Another thing to consider is transformations (e.g. log-tansformations, square root transformation, square transformation, inverse...etc). Can your data be transformed to approximate normality? If so, you could then use more typical time series analyses (such as growth modeling, survival analysis...etc, depending on the specific nature of your research questions and data).
With regard to your question about testing for differences between regression models, I'm not sure I completely understand your question. For the purposes of analyzing time series data, I don't think regression would be my first choice, as I'd prefer an analysis that explicitly models time and covariance over time. In that circumstance, there is no need to compare different regressions. Am I misunderstanding your question?
I hope this is helpful and feel free to follow-up with additional questions. Also, if you'd prefer more in-depth assistance, you can consider consultation services. In this case, you can complete a service request form HERE.
Dear Jeremy,
Thank you for replying. I haven't properly considered transformations and it certainly is worth investigating. From various research papers it seems my data comes from a population that follows a Weibull distribution; the data is skew to the left.
Perhaps I've mislead myself and I can't really use hypothesis testing. I was reading an example from Probability and Statistical Inference by Hogg & Tanis where they described a process that had a failure of p = 0.06 and a new process that had some other failure rate. They discussed which values of p would lead us to conclude that the new process is actually an improvement - this was the introduction to hypothesis testing.
So I have several models that try to predict the next step in the time series and they all appear to give me roughly the same accuracy. I therefore believe that despite the variations, there isn't a significant performance difference between the models but is this just a chance occurrence? Why can I confidently make any statement about this... so I thought hypothesis testing might be able to give me definite answer with a certain level of confidence? I suspect that taking the mean absolute difference won't work - what I've done is counted the number of times the model was successful (when the mean difference between actual and predicted value is < 1) and I obtained a certain rough probability of success based on no other evidence.
Can I use hypothesis testing to determine if the performance difference is chance occurrence or likely to always happen?

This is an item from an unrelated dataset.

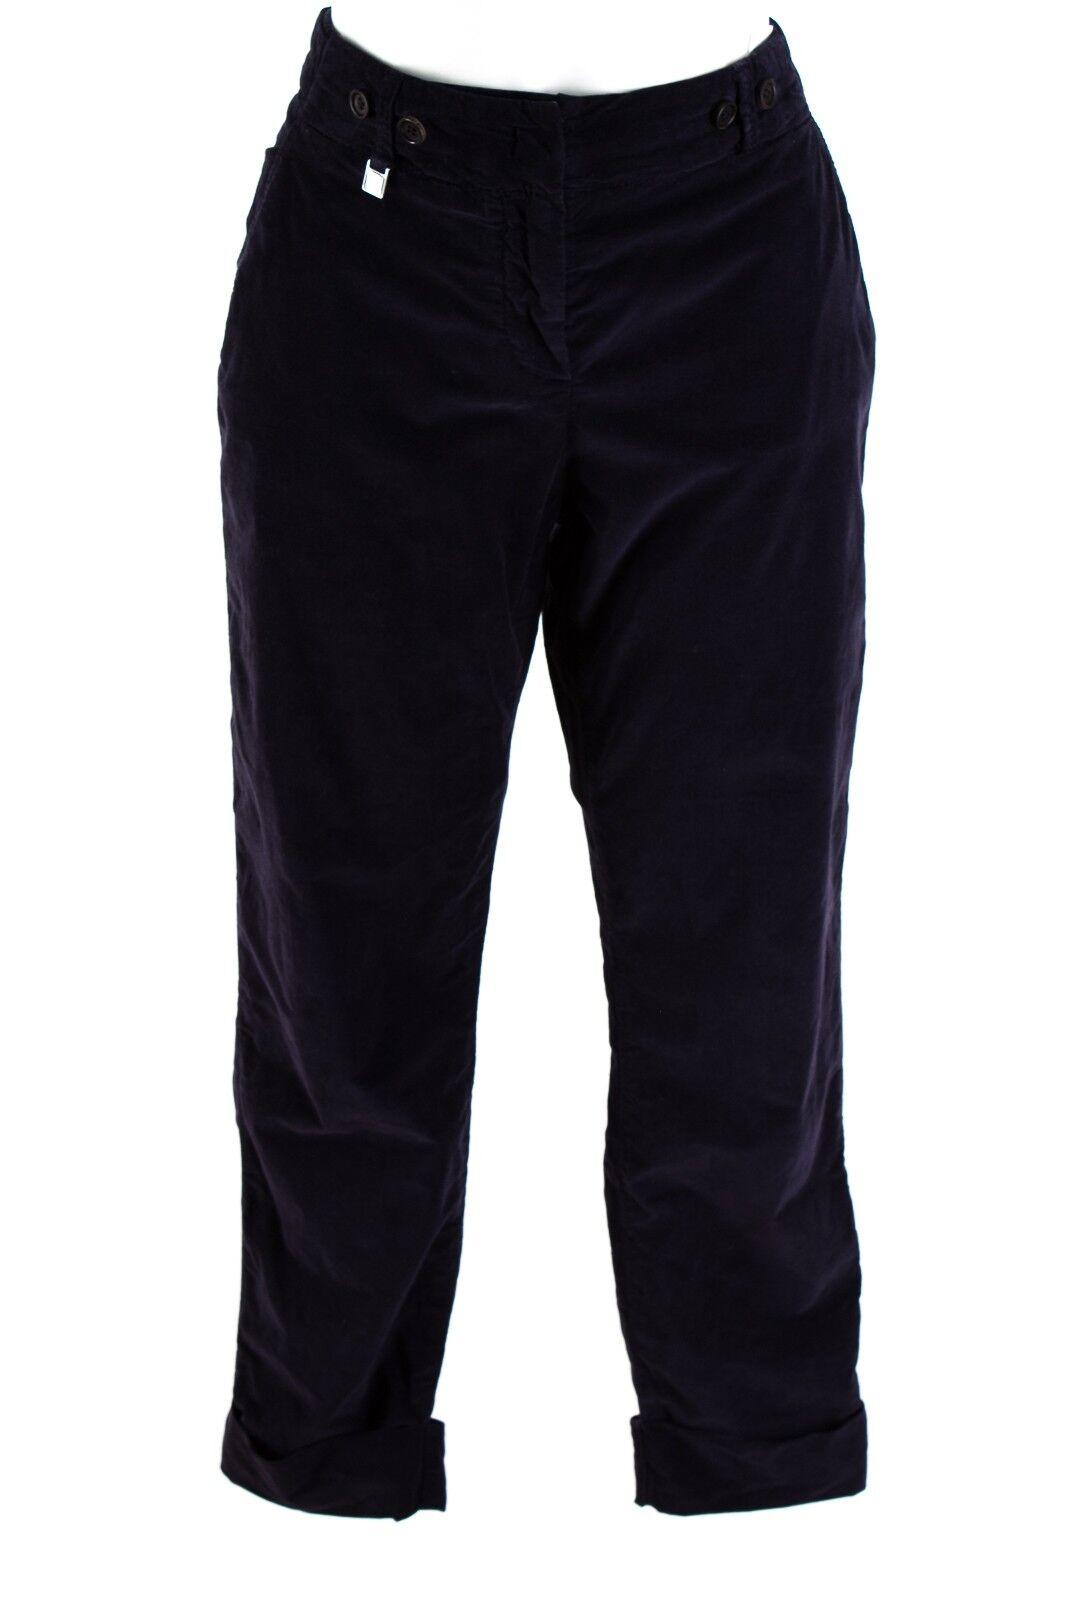 RENE LEZARD Hose Gr. 36 Baumwolle 7 8 Stretchhose Kordhose Casual Cord Pants

I'm sorry Pooven, but I'm afraid I don't completely understand the question. I think what you are referring to is a correction of your p-value, to guard against "Type I" error, which can occur when you are doing repeated analyses or several iterations of analysis. For example, if I am doing 100 analysis, with an alpha of .05, then 5 of those analysis are likely to be found significant, purely by chance. To deal with this we can use corrections (such as Bonferroni)...I'm not sure that I understand your question though, so let me know if it seems like I'm confused.
Dear Jeremy,
I have several non-linear regression models (specifically I'm using a temporal neural network modeling a time series). The predictors (the same variable taken at different time steps) follow a non-normal distribution which doesn't meet the assumption of the T statistic. What tests can I use to answer the question: is there a significant different between the performance of the regression models? Performance is measured in several ways - I'm hoping that using the mean absolute error (MAE) is okay for testing?
The T statistic compares the response variable with a certain mean - that is, one regression model is compared with another. Is there a way to compare multiple regression models whose input variables do not follow a normal distribution?
Thank you for your time and consideration.
Kind regards
Pooven